Twin lead is mainly used as an antenna feedline at shortwave and VHF frequencies, to connect radio receivers and transmitters to their antennas. It can have significantly lower signal loss than miniature flexible coaxial cable, the main alternative type of feedline at these frequencies; for example, type RG-58 coaxial cable loses 6.6 dB per 100 metres (330 ft) at 30 MHz, while 300 ohm twin-lead loses only 0.55 dB.^[1] 300 ohm twin lead is widely used to connect FM radios to their antennas, and was previously used to connect television antennas to televisions until it was replaced by coaxial cable. However, it is more vulnerable to interference; proximity to metal objects will inject signals into twin-lead that would be blocked out by coaxial cable. It therefore requires spacing around rain gutters, and standoff insulators along metal support masts.

Characteristics and uses

Twin lead and other types of parallel-conductor transmission line are mainly used to connect radio transmitters and receivers to their antennas. Parallel transmission line has the advantage that its losses per unit length are an order of magnitude smaller than that of coaxial cable, the main alternative form of transmission line. Its disadvantages are that it is more vulnerable to interference, and must be kept away from metal objects which can cause power losses. For this reason, when installed along the outside of buildings and on antenna masts, standoff insulators must be used. It is also common practice to twist the twin lead on long free standing lengths to further reject any induced imbalances to the line.

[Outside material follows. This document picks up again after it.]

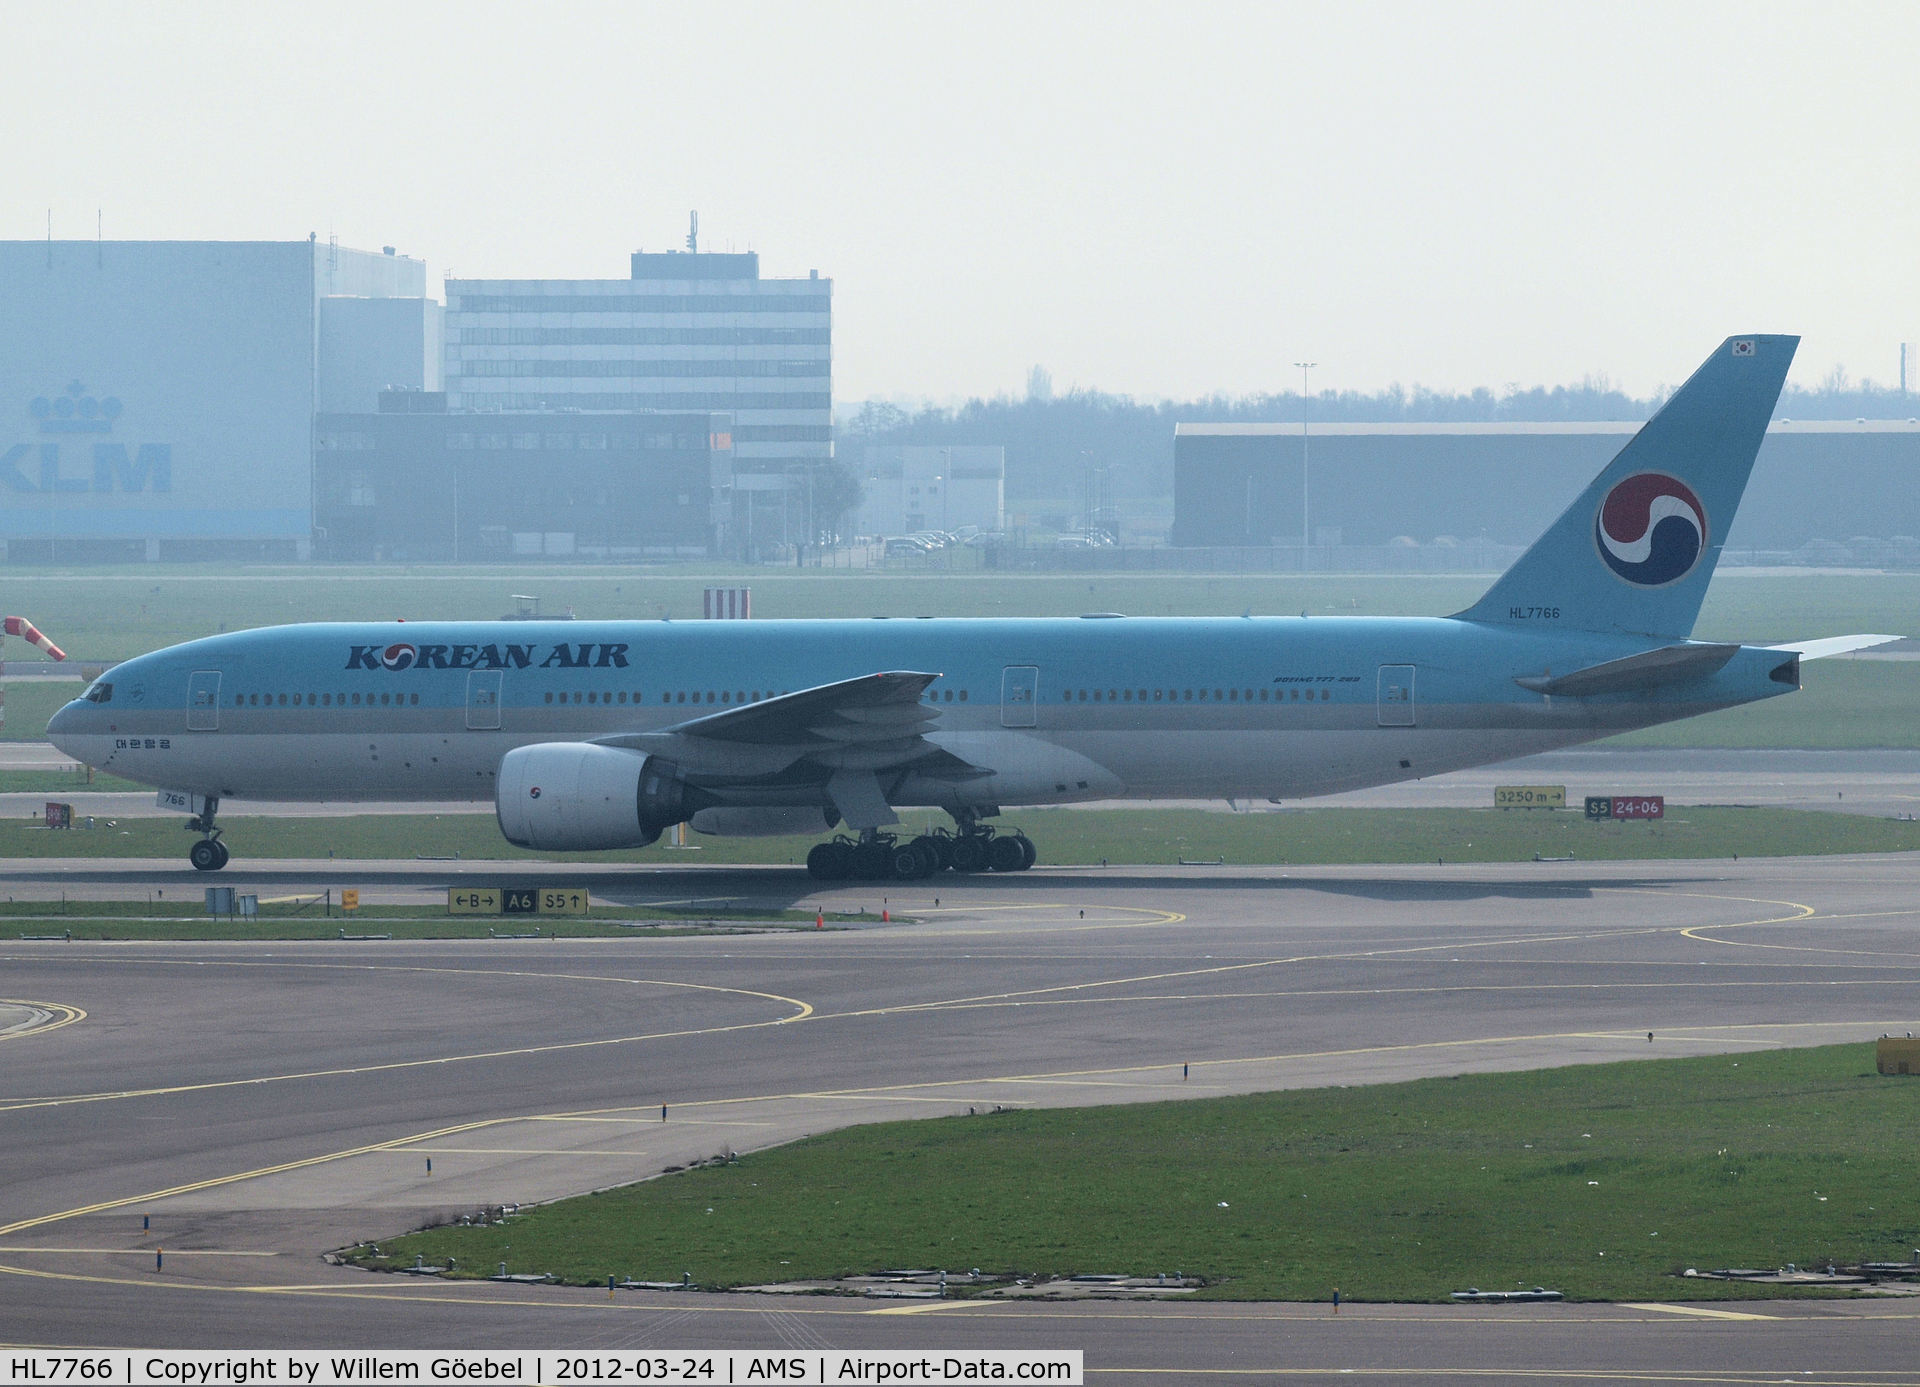 HL7766, 2008 Boeing 777-2B5/ER C/N 34213/730, Arrival on Schiphol Airport and taxi to the gate

Twin-lead is supplied in several different sizes, with values of 600, 450, 300, and 75 ohm characteristic impedance. The most common, 300 ohm twin-lead, was once widely used to connect television sets and FM radios to their receiving antennas. 300 ohm twin-lead for television installations has been largely replaced with 75 ohm coaxial cable feedlines. Twin-lead is also used in amateur radio stations as a transmission line for balanced transmission of radio frequency signals.

The characteristic impedance of twin-lead is a function of the wire diameter and its spacing; in 300 ohm twin-lead, the most common type, the wire is usually 20 or 22 gauge (0.52 or 0.33 mm²), about 7.5 mm (0.30 inches) apart.^[2] This is well matched with the natural impedance of a folded dipole antenna, which is normally around 275 ohms. Twin-lead generally has higher impedance than the other common transmission wiring, coaxial cable (coax). The widely used RG-6 coax has a characteristic impedance of 75 ohms, which requires the use of a balun to match impedance when used with common antenna types.

How it works

A 300-to-75-ohm balun, showing twin-lead on the right hand side

Twin lead is a form of parallel-wire balanced transmission line. The separation between the two wires in twin-lead is small compared to the wavelength of the radio frequency (RF) signal carried on the wire.^[3] The RF current in one wire is equal in magnitude and opposite in direction to the RF current in the other wire. Therefore, in the far field region far from the transmission line, the radio waves radiated by one wire are equal in magnitude but opposite in phase (180° out of phase) to the waves radiated by the other wire, so they superpose and cancel each other.^[3] The result is that almost no net radio energy is radiated by the line.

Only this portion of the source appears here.